* [SUPPLIED DATA]:
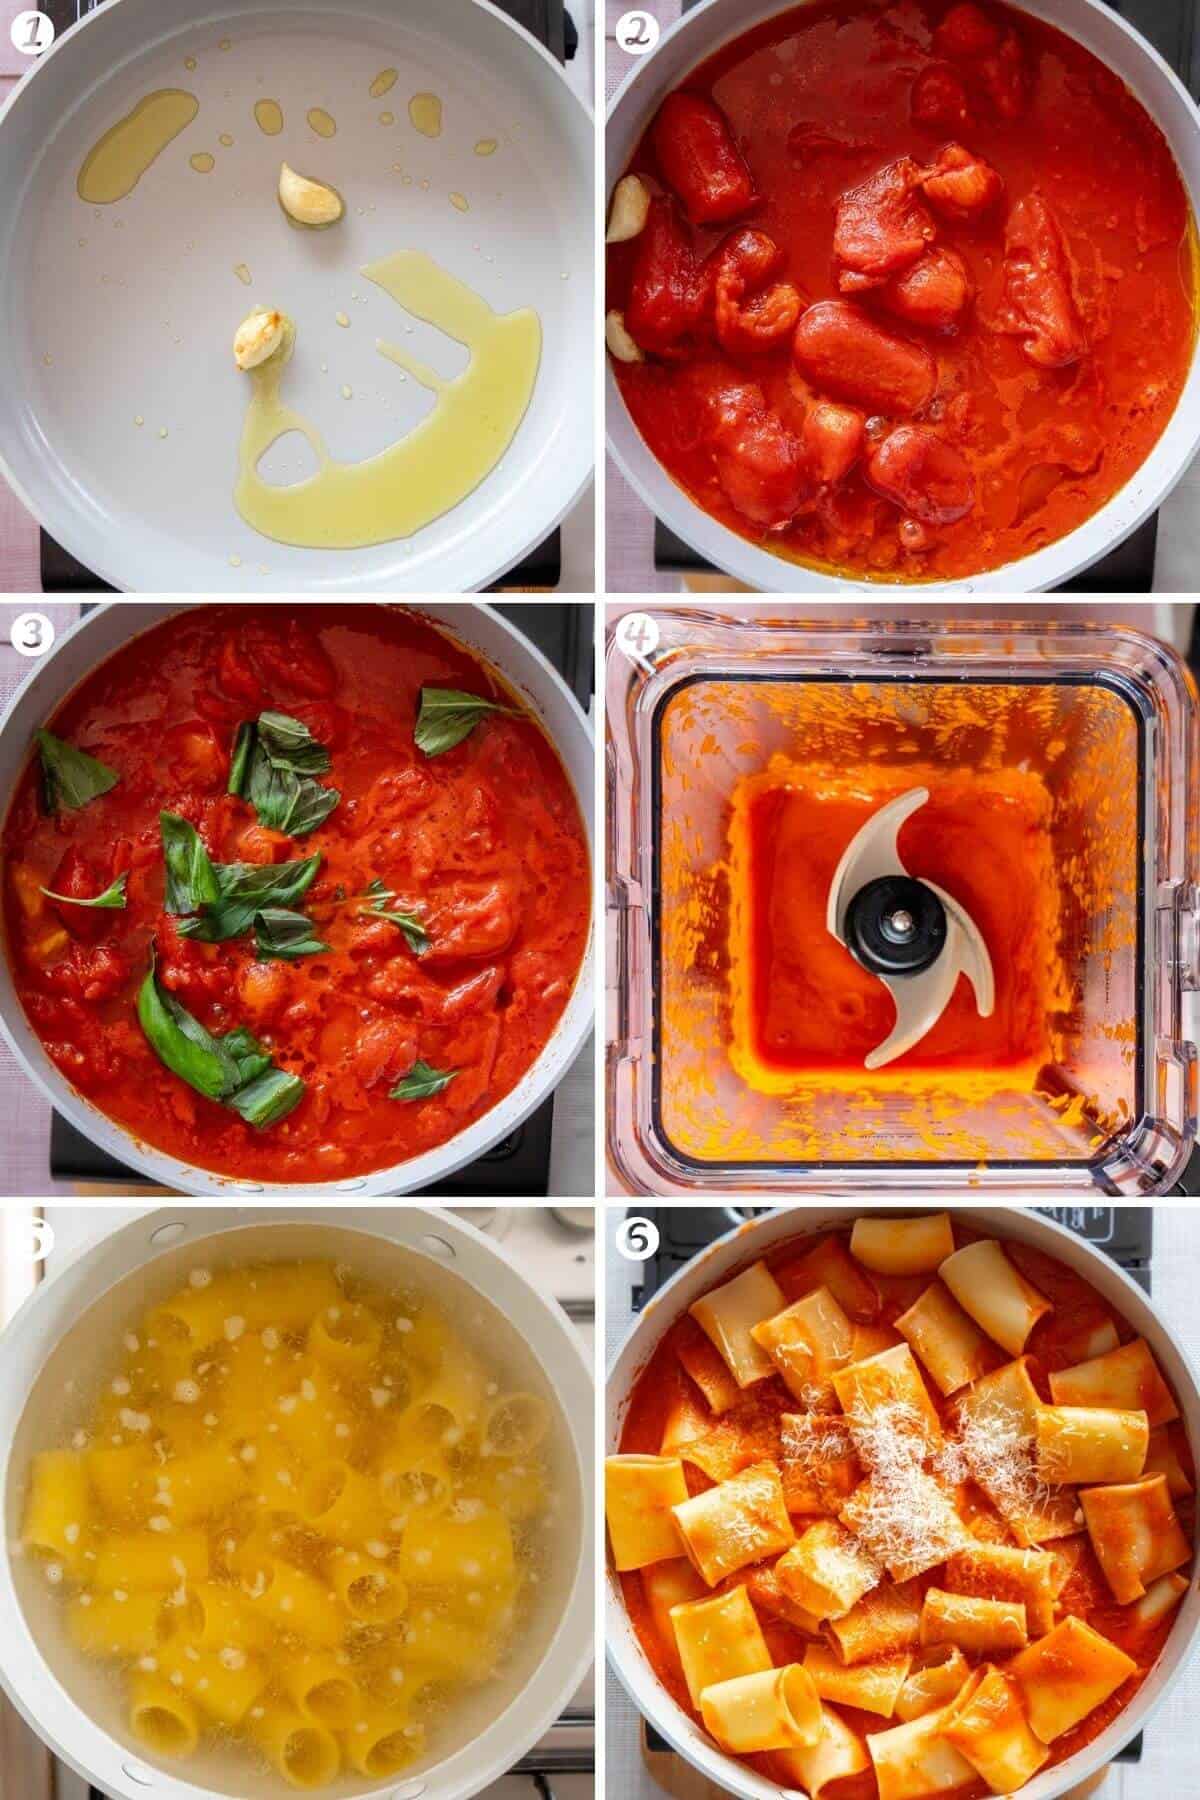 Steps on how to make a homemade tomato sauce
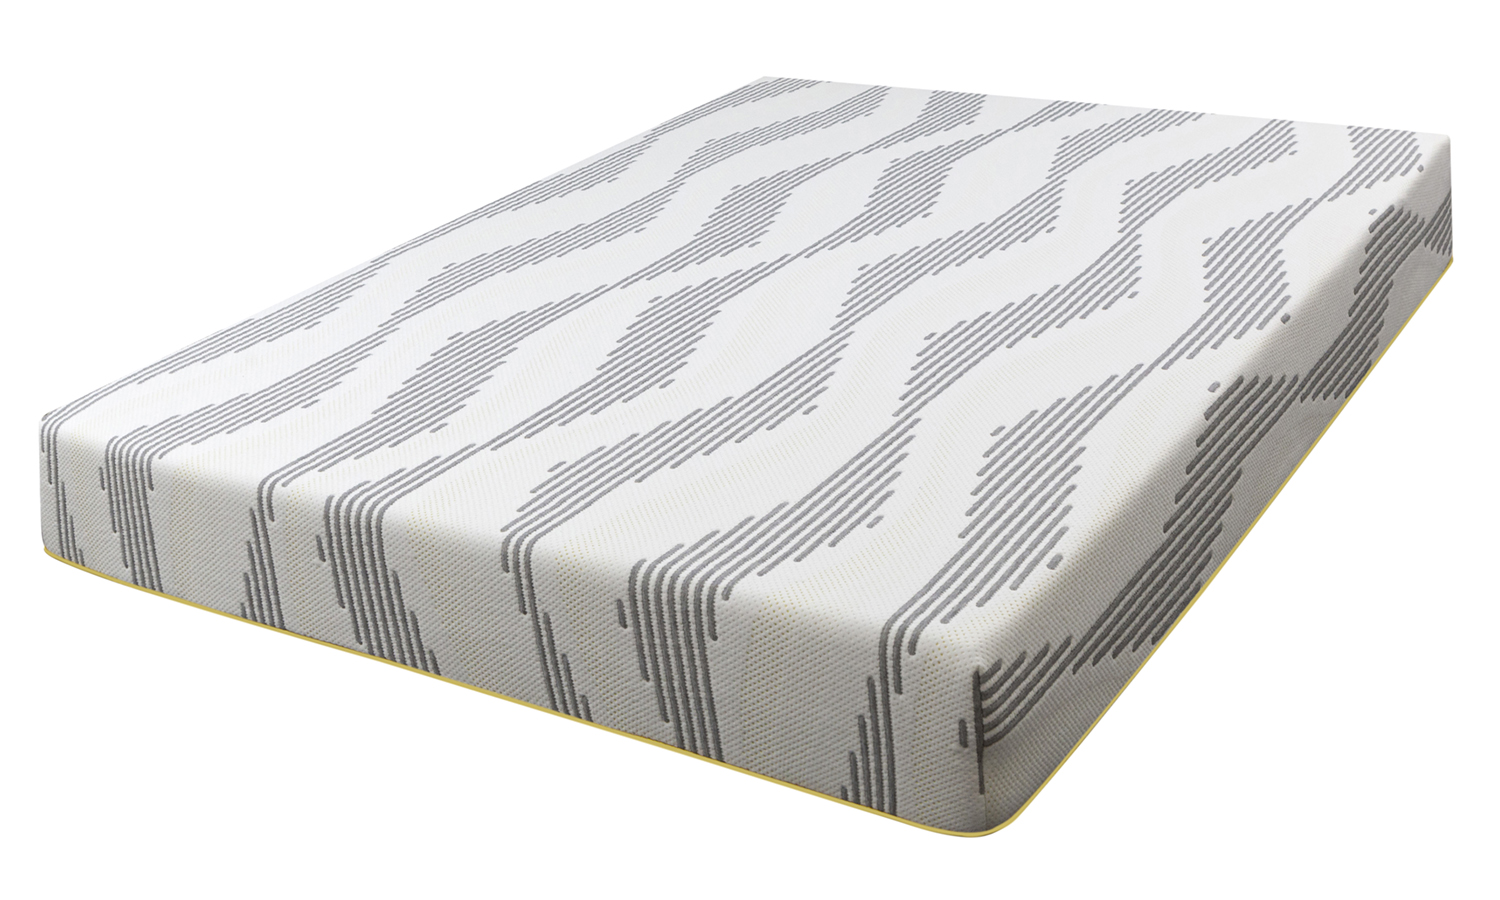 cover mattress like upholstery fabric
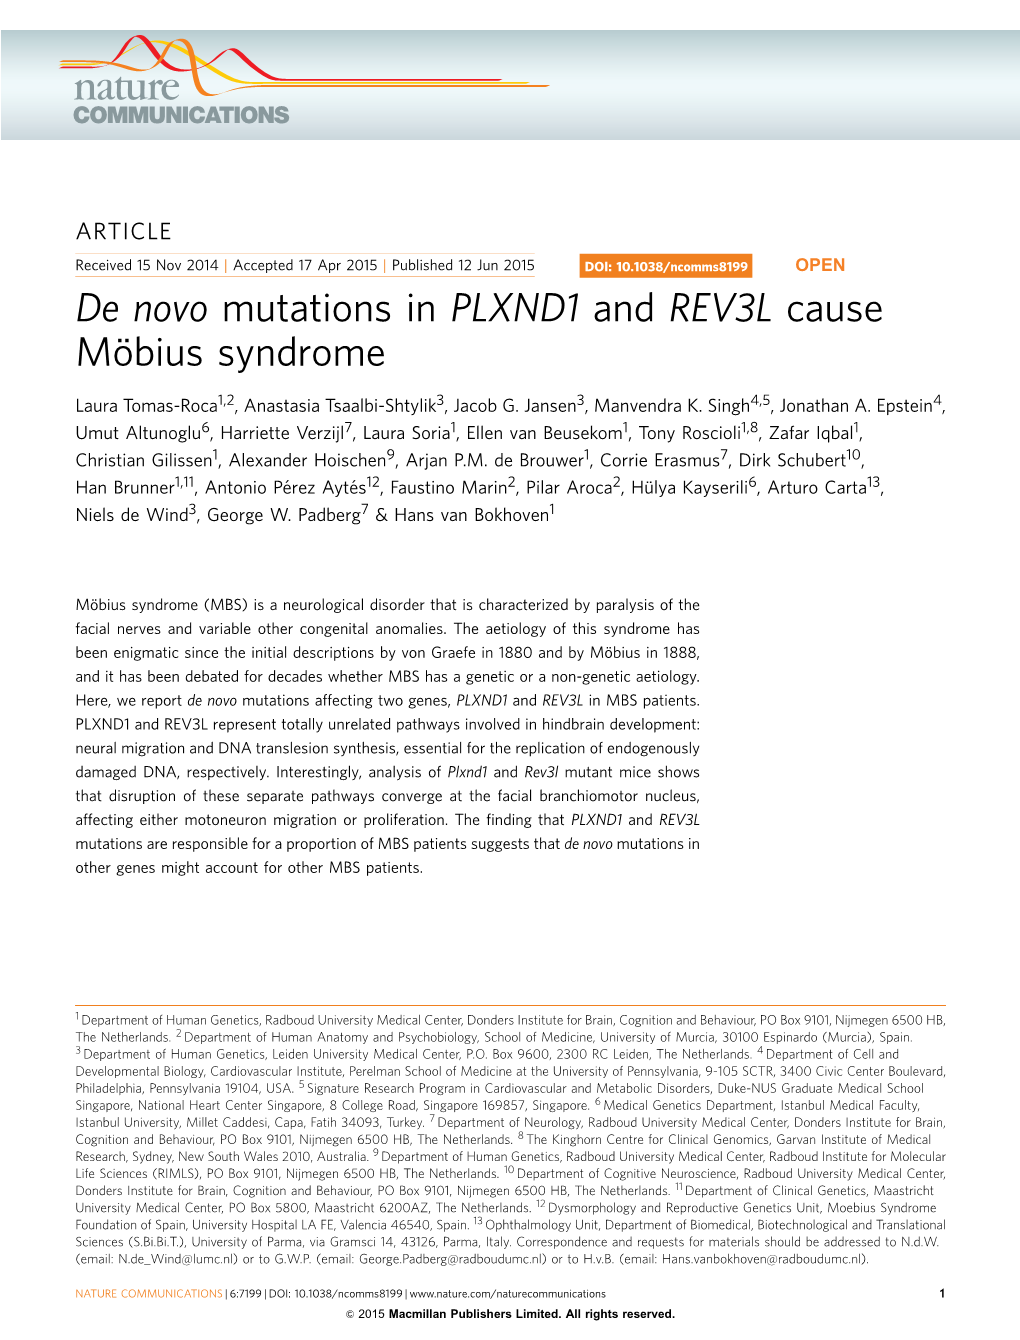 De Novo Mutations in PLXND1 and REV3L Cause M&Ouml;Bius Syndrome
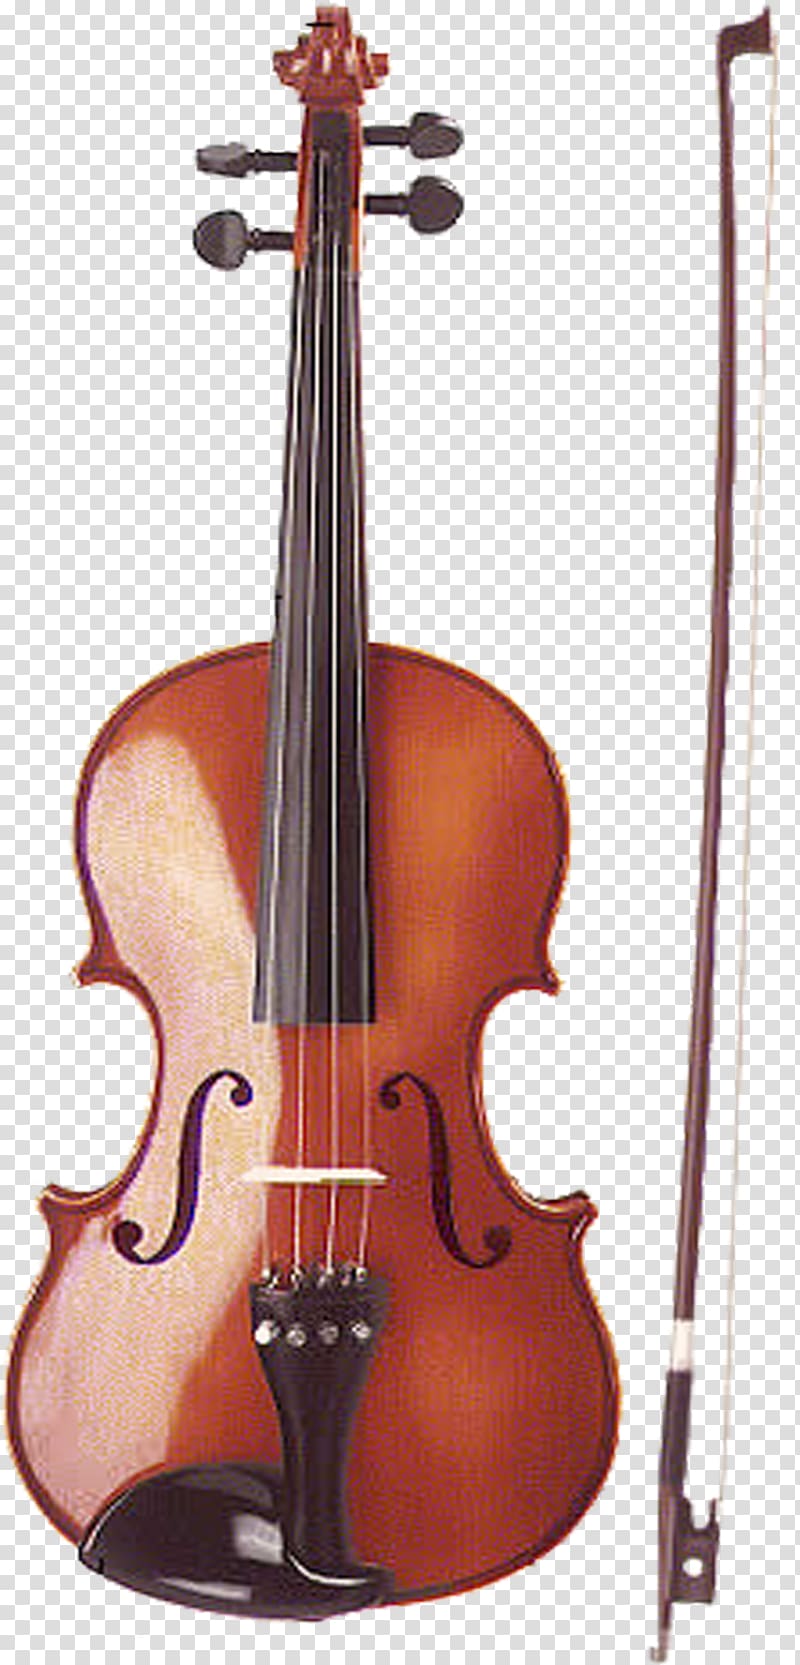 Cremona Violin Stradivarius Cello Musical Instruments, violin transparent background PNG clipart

* [WORK INSTRUCTION]: Both the line containing "cover mattress like upholstery fabric" and the last line of the listing above belong in the copy, along with every line between them; retype them exactly and omit the pictures.

* [ANSWER SPACE]:
 cover mattress like upholstery fabric
 De Novo Mutations in PLXND1 and REV3L Cause M&Ouml;Bius Syndrome
 Cremona Violin Stradivarius Cello Musical Instruments, violin transparent background PNG clipart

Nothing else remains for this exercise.